Beware Of Discarding Good Consumers With The Bad

Mark RitsonSeptember 3, 20083 min

All customers are not created equal. A good marketer worries just as much about avoiding ‘bad’ customers as attracting the ‘good’ ones.

But once you do acquire a ‘bad’ customer it can be awfully difficult to get rid of them. Take Citigroup’s Egg for example. Earlier this year, it wrote to 7% of its 2m cardholders, informing them that their cards would stop working in 35 days due to their ‘higher than acceptable risk profile’.

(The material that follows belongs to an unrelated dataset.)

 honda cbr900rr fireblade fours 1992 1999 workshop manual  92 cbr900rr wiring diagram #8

When Citigroup bought Egg for a knock-down price from Prudential last year, it was clearly a brand in trouble. Losses of £145m in 2006 meant that it was always likely that its new owner would act quickly to stem the tide. Removing bad customers was an obvious but much-needed move; the key issue, however, is how Citigroup has gone about defining ‘bad’ customers.

There are two ways to lose money in the credit card business. The first is to lend to a customer who eventually defaults on their payments. The other is to lend to a customer who never fails to pay off their monthly debt on time. Which of these ‘bad’ customers is Egg now rejecting?

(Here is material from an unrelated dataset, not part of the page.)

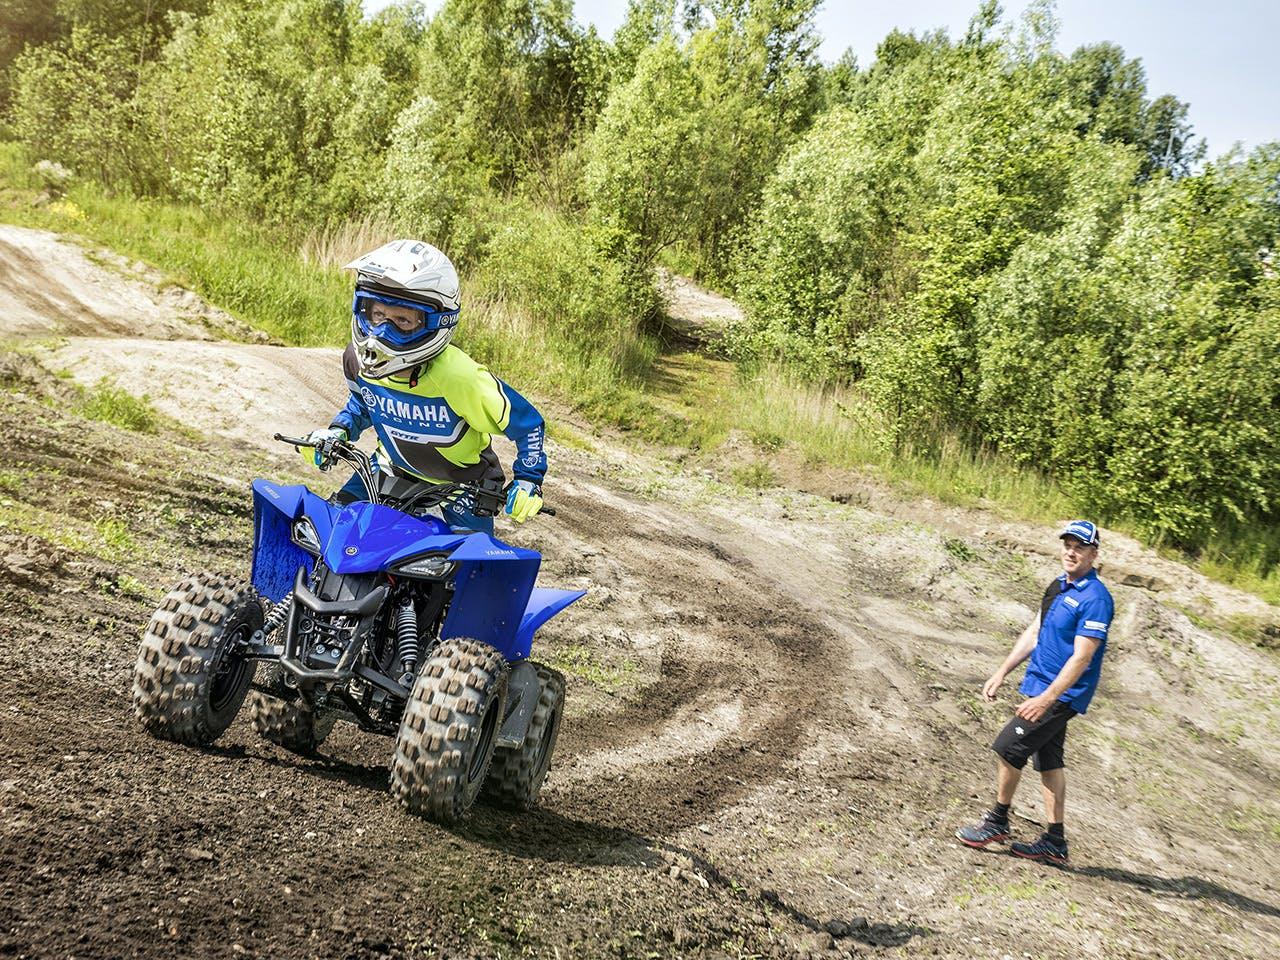 Yamaha YFZ50 in team yamaha blue colour, being ridden off-track

If we accept the official Egg line, this is a bold act of responsibility in a time of financial crisis. Citigroup analysts have reviewed Egg databases and, using complex modelling, identified those customers most likely to get into financial difficulties. By cutting them off, Egg is avoiding a potential loss in the future, acting in the best interests of these over-extended customers, and differentiating itself against all those irresponsible sub-prime lenders which have been blamed for the current threat of recession. As Angela Knight, chief executive of the British Bankers Association, put it on the Today program, it is ‘a sensible way of looking after a business’.

But there is an alternative hypothesis based on a different definition of a ‘bad’ customer.

Egg’s problems began in 1998, when it successfully launched its brand with an online savings account that offered a generous 8% interest rate. Within 6 months the firm had reached its five-year target of 500,000 customers, and it launched its credit card. The Egg card had a specific point of difference in that it guaranteed safe purchases on the internet. The combination of a very good interest rate and a trusted brand for internet purchases attracted all the wrong kind of customers to Egg: conservative, risk-averse, financially savvy people who always pay off their credit card balance each month and rarely switch banks.

These customers were one of the key reasons for the gradual loss in profits at Egg. Perhaps the bank has taken the opportunity to remove some of them as well as shedding the ‘credit risks’.

This would explain the torrent of letters and blog posts that have suddenly emerged from some of the 160,000 people rejected by Egg. Most tell the same story – they have never exceeded their limit, always pay off their balance prior to the due date and in many cases have significant assets. Several rejected customers even checked their credit rating only to discover it was in the high 900s – essentially perfect credit.

The adverse public reaction to the letters received from Egg could be explained by bruised egos. Nobody likes to be rejected, especially in relation to their finances. But there seem to be too many plausible stories to dismiss.

Equally conspicuous are the anecdotes of the Egg customers who have registered their surprise at not receiving one of the letters, despite continually maxing out their cards and failing to make payments on time.

Surely, Citigroup is not naive enough to believe that it can reject stable but unprofitable customers under the guise of financial responsibility? Only time, and the gathering calls for an enquiry, will tell.

30 SECONDS ON … REACTIONS TO EGG’S LETTERS

– Gillian Cox of Farnham told the BBC: ‘My husband and I are retired, no mortgage, no debts, joint income of about £35,000. I phoned Egg, but the adviser could only recite the same paragraph that was in the letter.’ She also contacted credit reference agency Experian, which said she had an excellent credit rating, ‘thus totally negating Egg’s claim that this measure is about credit risk’.

– Dave from London commented: ‘I thought I would be affected, as we regularly max out our Egg card through balance transfers. “Risky customer,” you may think, but I am yet to receive a letter’.

– An Egg spokesman said: ‘We are sorry that some customers are upset after receiving notification that we are ending their credit card arrangement … We understand the concerns, but even if they are up to date with repayments, they are people we no longer wish to lend to, regardless of their status.’